Top of Excerpted data

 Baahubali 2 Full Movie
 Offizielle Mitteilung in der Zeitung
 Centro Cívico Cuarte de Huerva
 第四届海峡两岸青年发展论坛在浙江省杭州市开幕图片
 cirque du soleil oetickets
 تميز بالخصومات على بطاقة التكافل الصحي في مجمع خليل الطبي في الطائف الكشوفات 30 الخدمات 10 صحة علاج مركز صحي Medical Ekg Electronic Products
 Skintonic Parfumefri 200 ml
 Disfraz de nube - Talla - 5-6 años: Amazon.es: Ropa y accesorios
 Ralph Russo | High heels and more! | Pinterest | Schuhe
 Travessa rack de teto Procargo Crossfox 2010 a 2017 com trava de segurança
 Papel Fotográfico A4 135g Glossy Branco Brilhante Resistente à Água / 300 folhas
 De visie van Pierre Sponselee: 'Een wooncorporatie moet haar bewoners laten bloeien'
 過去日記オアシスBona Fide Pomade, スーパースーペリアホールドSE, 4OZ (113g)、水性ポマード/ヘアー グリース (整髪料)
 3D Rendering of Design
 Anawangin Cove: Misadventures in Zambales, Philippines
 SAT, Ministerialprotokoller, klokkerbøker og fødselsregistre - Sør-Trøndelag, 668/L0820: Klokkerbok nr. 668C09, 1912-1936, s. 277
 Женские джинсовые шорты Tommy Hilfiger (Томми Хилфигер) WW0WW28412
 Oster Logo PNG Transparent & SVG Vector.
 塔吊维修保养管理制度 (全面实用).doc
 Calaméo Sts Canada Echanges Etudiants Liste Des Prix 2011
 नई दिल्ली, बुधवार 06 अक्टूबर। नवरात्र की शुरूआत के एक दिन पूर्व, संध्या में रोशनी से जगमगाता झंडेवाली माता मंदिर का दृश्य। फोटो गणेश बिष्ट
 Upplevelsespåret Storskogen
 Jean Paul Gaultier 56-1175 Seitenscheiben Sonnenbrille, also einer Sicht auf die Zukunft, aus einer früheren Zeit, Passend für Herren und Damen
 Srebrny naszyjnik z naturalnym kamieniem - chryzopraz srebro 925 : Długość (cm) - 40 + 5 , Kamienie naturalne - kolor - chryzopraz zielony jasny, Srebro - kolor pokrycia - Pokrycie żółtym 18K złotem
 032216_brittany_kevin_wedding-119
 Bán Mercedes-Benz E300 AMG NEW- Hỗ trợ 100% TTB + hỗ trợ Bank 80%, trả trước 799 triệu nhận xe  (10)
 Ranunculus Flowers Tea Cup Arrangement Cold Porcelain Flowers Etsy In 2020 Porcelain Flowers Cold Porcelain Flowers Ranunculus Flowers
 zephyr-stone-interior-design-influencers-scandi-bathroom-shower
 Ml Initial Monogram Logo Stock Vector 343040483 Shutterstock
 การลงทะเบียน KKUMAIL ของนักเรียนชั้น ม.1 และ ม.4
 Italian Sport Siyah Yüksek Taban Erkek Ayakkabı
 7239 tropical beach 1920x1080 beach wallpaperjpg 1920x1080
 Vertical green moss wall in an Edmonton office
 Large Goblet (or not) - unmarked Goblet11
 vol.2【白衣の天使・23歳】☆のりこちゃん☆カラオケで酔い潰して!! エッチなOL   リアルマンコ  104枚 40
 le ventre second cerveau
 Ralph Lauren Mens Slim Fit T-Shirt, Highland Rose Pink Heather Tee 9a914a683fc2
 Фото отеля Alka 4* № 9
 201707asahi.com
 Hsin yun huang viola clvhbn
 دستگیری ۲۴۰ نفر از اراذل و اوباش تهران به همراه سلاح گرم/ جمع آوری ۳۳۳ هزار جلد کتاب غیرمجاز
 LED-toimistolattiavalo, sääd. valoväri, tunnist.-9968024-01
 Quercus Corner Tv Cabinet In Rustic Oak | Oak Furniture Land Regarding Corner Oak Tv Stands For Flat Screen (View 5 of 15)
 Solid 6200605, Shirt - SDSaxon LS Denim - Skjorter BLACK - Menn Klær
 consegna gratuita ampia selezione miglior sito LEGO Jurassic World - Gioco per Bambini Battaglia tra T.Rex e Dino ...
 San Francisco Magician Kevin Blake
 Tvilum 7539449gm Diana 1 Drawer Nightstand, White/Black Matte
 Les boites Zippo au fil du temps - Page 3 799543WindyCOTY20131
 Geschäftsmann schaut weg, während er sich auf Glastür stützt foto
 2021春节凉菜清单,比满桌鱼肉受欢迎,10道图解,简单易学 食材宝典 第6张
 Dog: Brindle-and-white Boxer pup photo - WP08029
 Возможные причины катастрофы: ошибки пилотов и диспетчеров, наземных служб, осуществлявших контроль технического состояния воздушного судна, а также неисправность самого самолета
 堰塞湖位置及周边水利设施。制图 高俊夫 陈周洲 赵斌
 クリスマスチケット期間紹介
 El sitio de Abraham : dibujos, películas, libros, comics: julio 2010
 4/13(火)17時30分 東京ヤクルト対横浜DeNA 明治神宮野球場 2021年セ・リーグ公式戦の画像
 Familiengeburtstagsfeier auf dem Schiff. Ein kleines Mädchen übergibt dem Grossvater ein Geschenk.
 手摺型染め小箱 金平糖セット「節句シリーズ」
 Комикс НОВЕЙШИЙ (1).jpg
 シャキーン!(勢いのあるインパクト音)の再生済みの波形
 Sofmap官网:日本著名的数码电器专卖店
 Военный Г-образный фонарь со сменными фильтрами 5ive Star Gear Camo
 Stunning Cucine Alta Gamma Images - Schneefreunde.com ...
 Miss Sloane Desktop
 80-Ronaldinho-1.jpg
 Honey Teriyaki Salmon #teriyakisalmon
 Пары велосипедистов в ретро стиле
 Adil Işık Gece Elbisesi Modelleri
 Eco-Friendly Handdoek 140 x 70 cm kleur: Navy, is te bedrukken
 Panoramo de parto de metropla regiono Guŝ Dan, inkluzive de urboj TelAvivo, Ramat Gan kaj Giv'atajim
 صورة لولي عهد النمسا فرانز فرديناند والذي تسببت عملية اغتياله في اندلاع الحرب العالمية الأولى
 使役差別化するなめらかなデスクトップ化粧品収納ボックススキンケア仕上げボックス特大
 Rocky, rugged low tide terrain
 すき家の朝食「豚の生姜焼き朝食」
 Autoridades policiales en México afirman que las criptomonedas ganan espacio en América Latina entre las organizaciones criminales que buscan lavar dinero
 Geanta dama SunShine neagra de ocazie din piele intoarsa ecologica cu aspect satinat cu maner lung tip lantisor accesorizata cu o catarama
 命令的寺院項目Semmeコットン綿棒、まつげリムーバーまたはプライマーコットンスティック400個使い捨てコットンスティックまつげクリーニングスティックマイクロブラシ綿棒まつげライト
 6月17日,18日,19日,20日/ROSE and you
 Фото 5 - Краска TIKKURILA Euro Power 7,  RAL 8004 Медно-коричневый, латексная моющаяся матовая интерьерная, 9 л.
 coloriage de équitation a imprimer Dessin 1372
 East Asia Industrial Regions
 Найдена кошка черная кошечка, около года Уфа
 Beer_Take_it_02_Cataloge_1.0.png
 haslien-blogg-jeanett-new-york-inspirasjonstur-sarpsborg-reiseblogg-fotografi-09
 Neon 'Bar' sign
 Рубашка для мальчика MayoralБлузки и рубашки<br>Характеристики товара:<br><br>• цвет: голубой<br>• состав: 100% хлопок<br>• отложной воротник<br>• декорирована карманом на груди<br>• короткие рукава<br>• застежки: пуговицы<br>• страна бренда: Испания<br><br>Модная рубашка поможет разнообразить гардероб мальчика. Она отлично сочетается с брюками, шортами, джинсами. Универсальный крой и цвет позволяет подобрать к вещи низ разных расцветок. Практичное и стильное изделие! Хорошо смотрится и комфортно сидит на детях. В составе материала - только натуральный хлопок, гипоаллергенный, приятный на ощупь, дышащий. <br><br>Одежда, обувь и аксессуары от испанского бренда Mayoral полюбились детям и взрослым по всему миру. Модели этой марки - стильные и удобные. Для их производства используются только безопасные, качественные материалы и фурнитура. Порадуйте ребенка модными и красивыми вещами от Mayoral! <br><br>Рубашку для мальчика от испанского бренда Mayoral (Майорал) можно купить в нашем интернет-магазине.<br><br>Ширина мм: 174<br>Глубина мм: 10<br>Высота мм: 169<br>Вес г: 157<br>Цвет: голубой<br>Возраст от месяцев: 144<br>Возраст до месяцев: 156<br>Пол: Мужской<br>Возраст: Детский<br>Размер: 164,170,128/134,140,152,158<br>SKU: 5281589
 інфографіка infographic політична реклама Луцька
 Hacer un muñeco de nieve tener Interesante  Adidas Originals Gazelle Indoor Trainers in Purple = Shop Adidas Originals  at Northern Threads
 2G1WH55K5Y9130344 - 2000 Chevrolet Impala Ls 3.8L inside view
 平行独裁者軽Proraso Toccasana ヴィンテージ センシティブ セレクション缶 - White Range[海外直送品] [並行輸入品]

Bottom of Excerpted data

- Aim of the exercise -
Above are the records. Copy every line in them holding "Vector".

- Output below -
 Oster Logo PNG Transparent & SVG Vector.
 Ml Initial Monogram Logo Stock Vector 343040483 Shutterstock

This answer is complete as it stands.